La bella che dorme è Tiphereth-bellezza, il sole dell’essere cui non sarebbe possibile brillare se prima l’uomo non ne ha portato a termine l’ascesa. Non può raggiungerlo se prima non si è spogliato della foresta psichica, cosciente e inconscia, che l’invade, e lo soffoca a poco a poco. Non può intraprendere quest’avventura se non dopo aver preso coscienza della presenza di questa principessa, il suo essere essenziale, spirituale, riflesso e promessa del divino, germe nascosto, addormentato.
Il principe seducente che viene a sapere della presenza della Bella non è altro che la coscienza informata, capace di orientare sul cammino di quest’avventura l’uomo risvegliato al solo desiderio giusto. E l’uomo non può vivere l’avventura se non sotto l’impulso dell’amore, in una dimensione dell’amore di cui, purtroppo, questa parola oggi incredibilmente usurata, non può più rendere l’accezione. Solo l’amore vero permette al principe di attraversare le prove della foresta. Dato il bacio, si ha il risveglio dell’essere.
Teniamo presente che contemporaneamente si risveglia il cosmo intero. I familiari, il cane, il giardino, sono i regni che attendono tutti il risveglio dell’umanità per brillare del loro “vero colore”. Lo possono testimoniare coloro che hanno fatto l’esperienza: il quotidiano, il gesto quotidiano, vissuto fino ad all’ora nella banalità della ripetizione, prende a questo livello un rilievo sempre nuovo: “Ecco, io faccio nuove tutte le cose” (Apocalisse 21,5).
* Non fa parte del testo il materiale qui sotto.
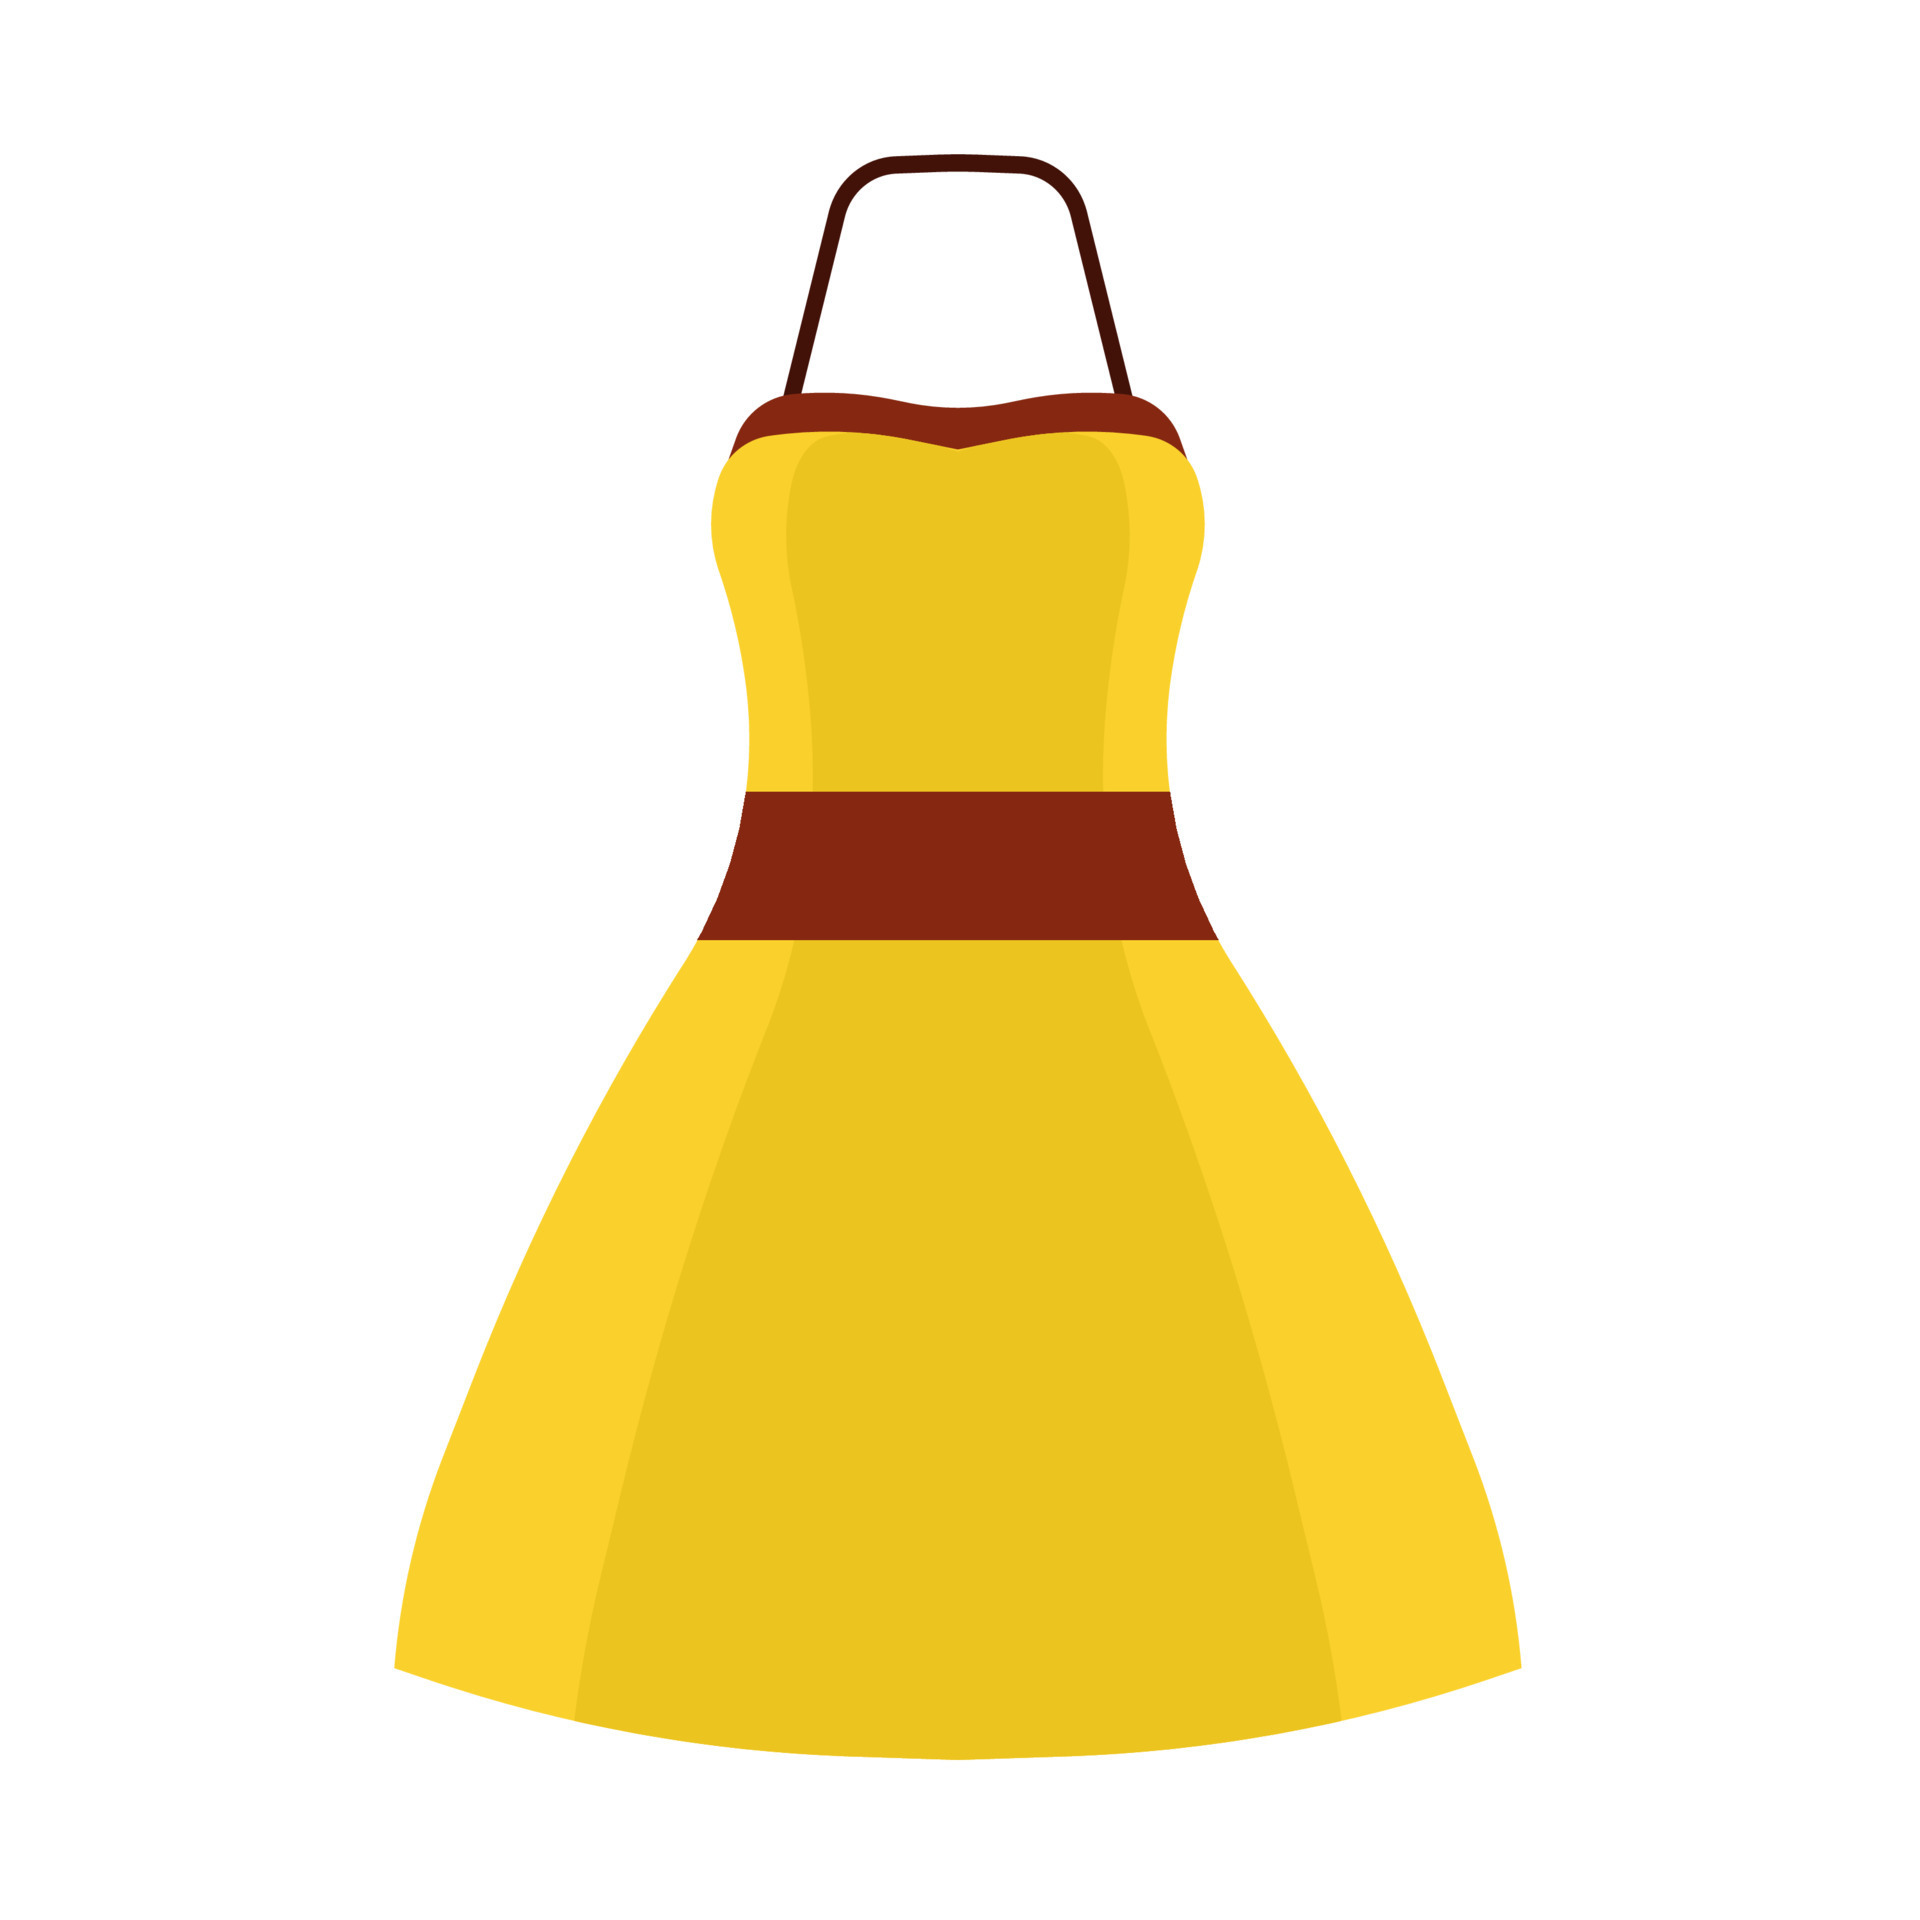 Cute dress woman fashion vector icon. Female beauty person clothes

Dopo aver attraversato il triangolo inferiore, dopo avere superato i dieci gradi corrispondenti alle dieci vertebre (le cinque sacre e le cinque lombari) illustrate così bene dalle dieci piaghe d’Egitto (Genesi 7;8;9;10;11), l’uomo bussa alla porta stretta detta “porta degli uomini”.
Varcata questa porta, sale i dodici gradi delle sue vertebre dorsali. Questo passaggio nel quadrilatero – sola autentica incarnazione – si effettua in tutte le tradizioni sotto il segno del dodecanario: dai dodici mesi dell’anno, le dodici fatiche di Ercole fino alla Gerusalemme celeste aperta su dodici porte, che le dodici tribù di Israele e, dopo di loro, i dodici apostoli della tradizione cristiana prefigurano.
Nella sua ascesa lungo le dodici vertebre l’uomo ara, innaffia e coltiva le sue terre interiori, affinché ognuno, a poco a poco, dia pienamente frutto. Quando tutti i frutti sono raccolti, completata la mietitura, l’uomo bussa alla porta superiore del quadrilatero chiamata “porta degli dei”.
Sette vertebre l’accolgono. È il settenario apocalittico. Ricordiamo l’importanza del numero sette: simbolizza una totalità, dunque una morte, cancellazione necessaria ad una nuova nascita che sarà vissuta nell’otto. L’Apocalisse di Giovanni si apre con le lettere delle sette chiese e continua con il libro dei sette sigilli, di cui il settimo rivela sette angeli ai quali vengono date sete trombe. Quando la settima tromba ha suonato, appare una donna in travaglio di parto.
Ci troviamo di fronte all’ultima e misteriosa nascita.
Sul piano della coscienza questo passaggio al triangolo superiore determina sicuramente l’apertura di un mondo nuovo, la cui sovra-coscienza riveste maggiore importanza nei riguardi del nostro stato cosciente di quanto quest’ultimo non ne abbia rispetto al nostro conosciuto banale. E come accade a questo cosciente di affiorare a livello del conosciuto nella “presa di coscienza” o nel sonno, così la nostra sovra-coscienza trafigge con rari e fulminei tonfi il nostro conosciuto che tratterà così talvolta la sua luce nell’attesa di nascervi definitivamente. Chi potrà negare questa possibilità di conoscere? Chi potrà considerare folle colui che la vive? Chi ha il diritto di giudicare con le categorie che appartengono al conosciuto banale esperienze di risveglio o oniriche che dipendono in realtà dalle categorie del sovra-cosciente?